Он сделал неопределенную гримасу.
— Вы так думаете?
— Я знаю. Я видел Лену, виделся с ее родителями, говорил с Полиной Антоновной.
— Разве вы уже на пенсии?
— При чем тут пенсия?
— Любимое занятие пенсионеров — чужие дела.
— Между прочим, вы пока в возрасте цветущем, а к чужим делам проявляете интереса побольше любого пенсионера.
— Один — ноль в вашу пользу.
Эта миролюбивая фраза меня приободрила.
— Неужели это вы так расстроили Сергея Ильича?..
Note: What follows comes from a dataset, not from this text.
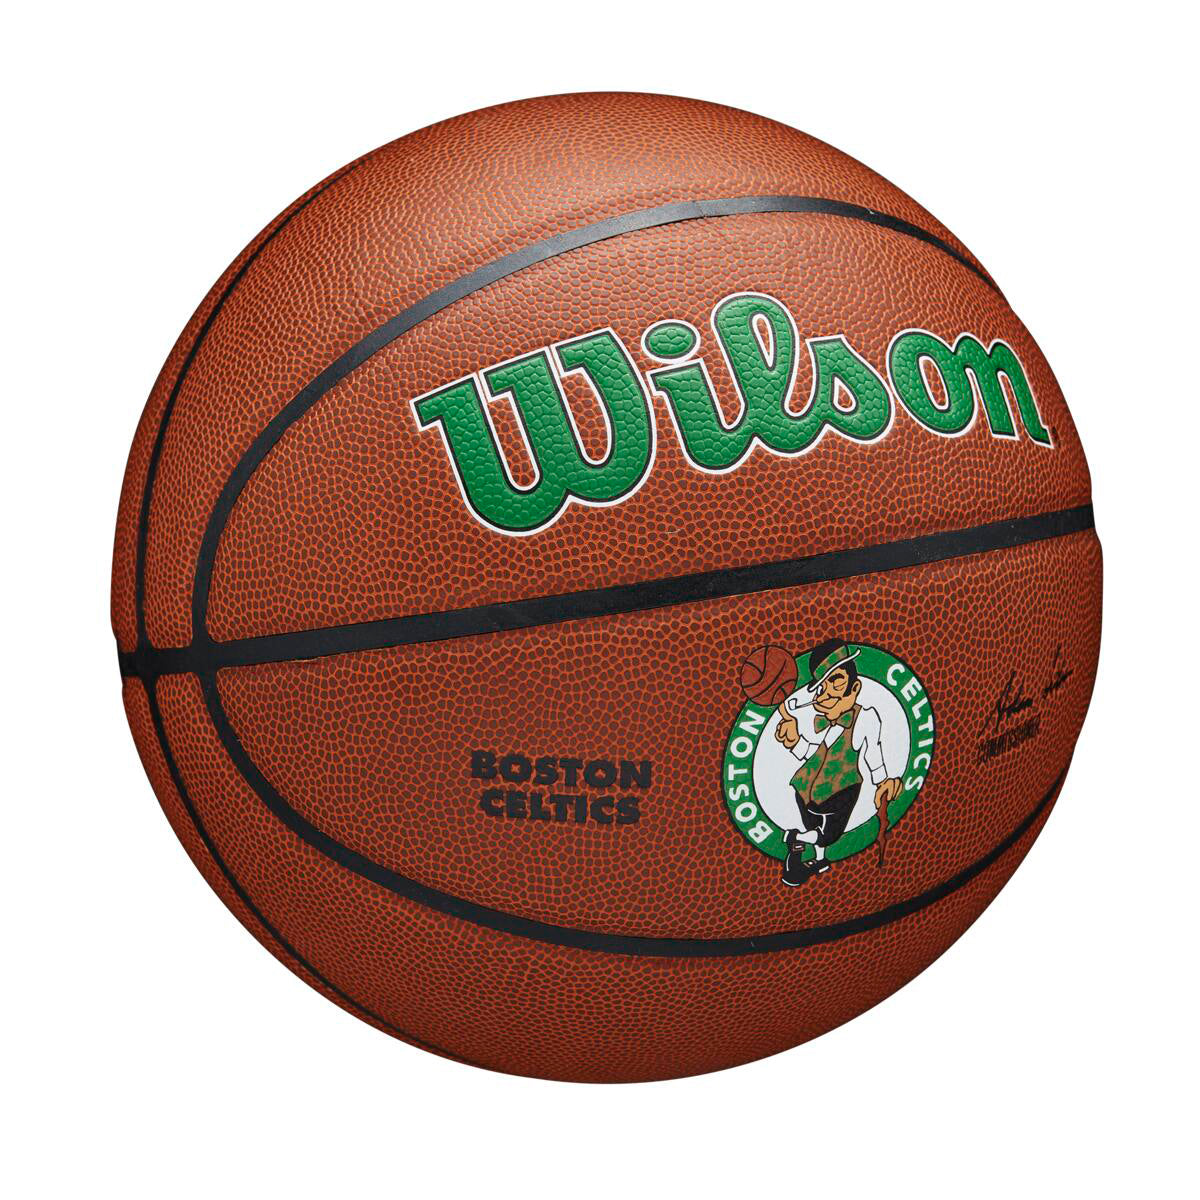 Wilson NBA Composite Boston Celtics 7

— Чем? — спросил он резко.
— Вы были у него? Говорили с ним?
— О чем?
— О его мнимом отцовстве.
Теперь он смотрел на меня жестко.
— Кто вам сказал?
— Я могу предполагать.
— А сказал кто? Перепахин?
— Не уходите от ответа. Я спросил.
— Вот вам ответ. Я никогда не говорил с Сергеем Ильичом о том, что он отец Лены.
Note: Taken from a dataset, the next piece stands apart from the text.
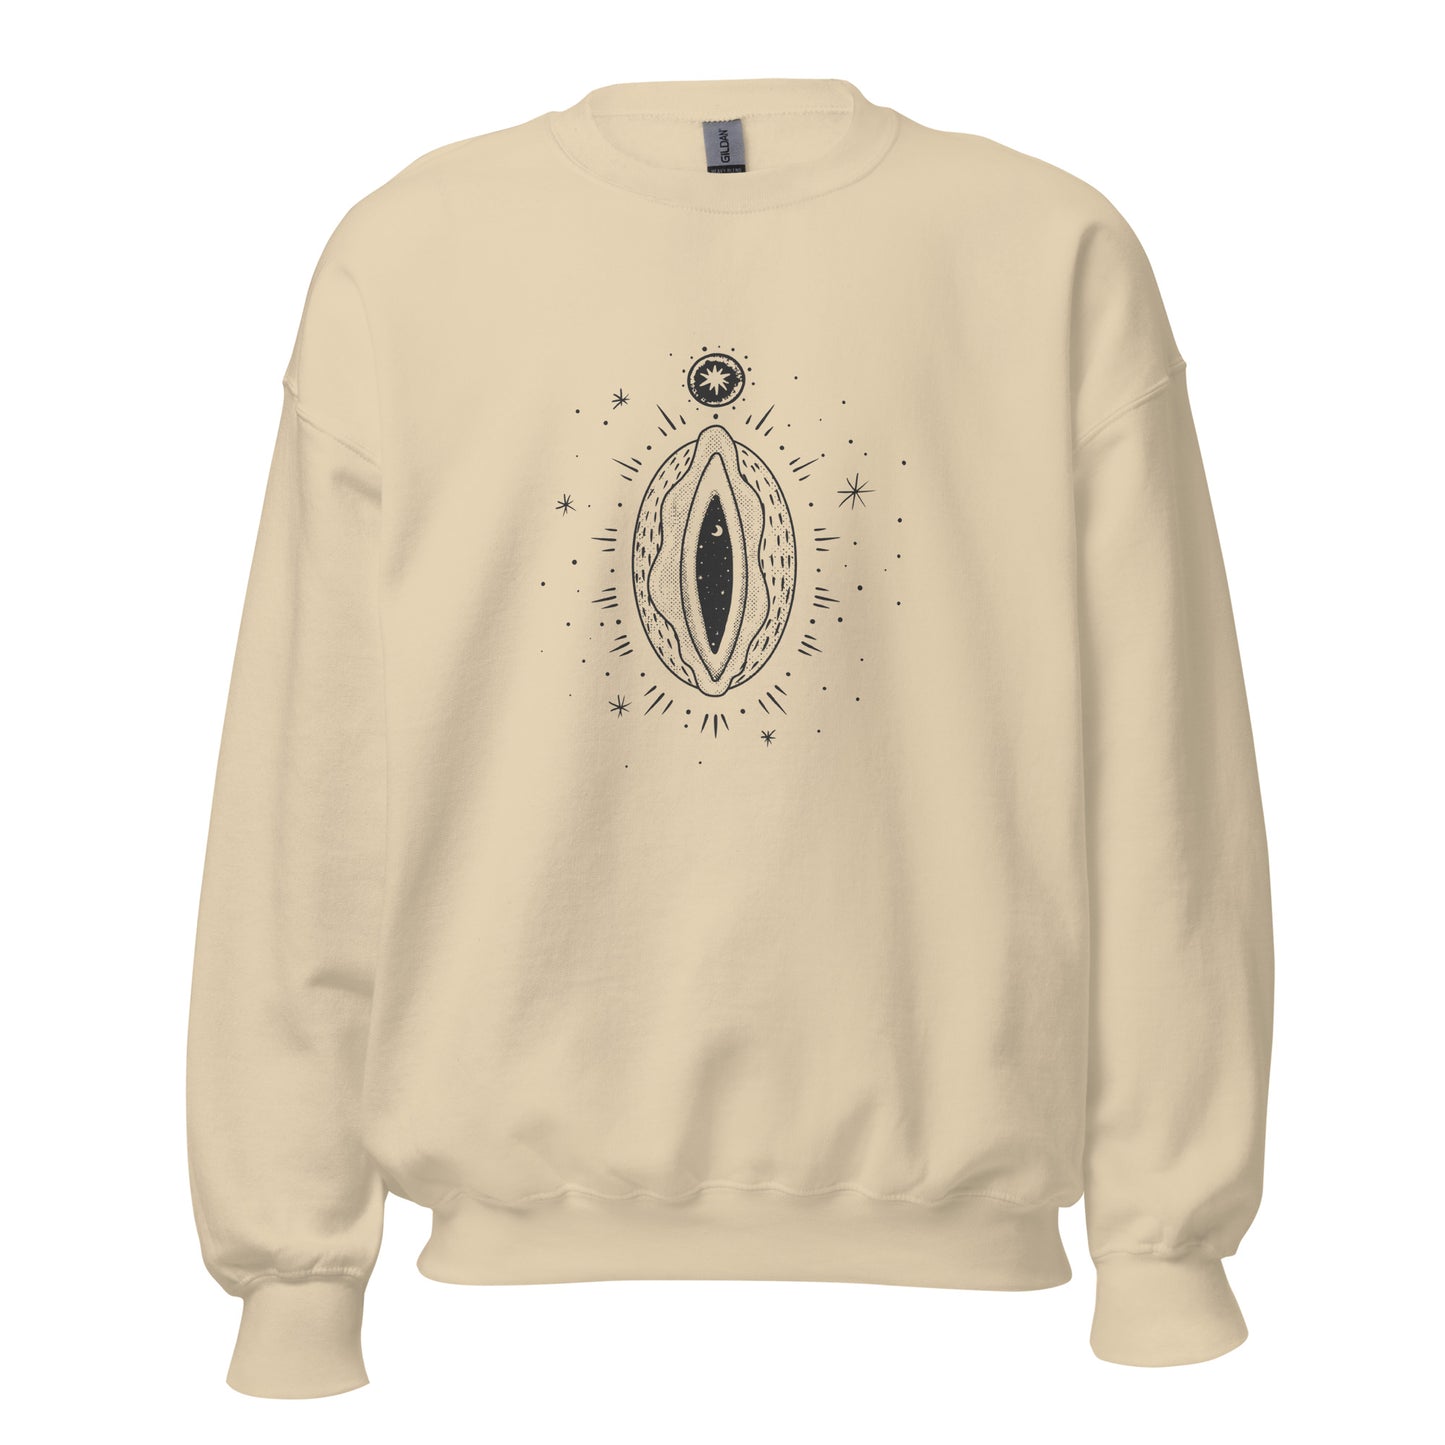 Space Vulva Unisex Sweatshirt

Вадим произнес это так подчеркнуто, почти скандируя, что я не мог не поверить ему.
— Извините.
— Прощаю. Вы были у Перепахина?
— А вы знаете, что с ним?
— Это весь участок знает. Его вон оттуда вывезли, с соседнего квартала.
То, что дача, на которой нашли полумертвого Перепахина, находится так близко от пристанища Вадима, я не ожидал.
— Да, он в больнице.
— Вы были у него?
— Был.
— Живой?
— Да, приходит в себя.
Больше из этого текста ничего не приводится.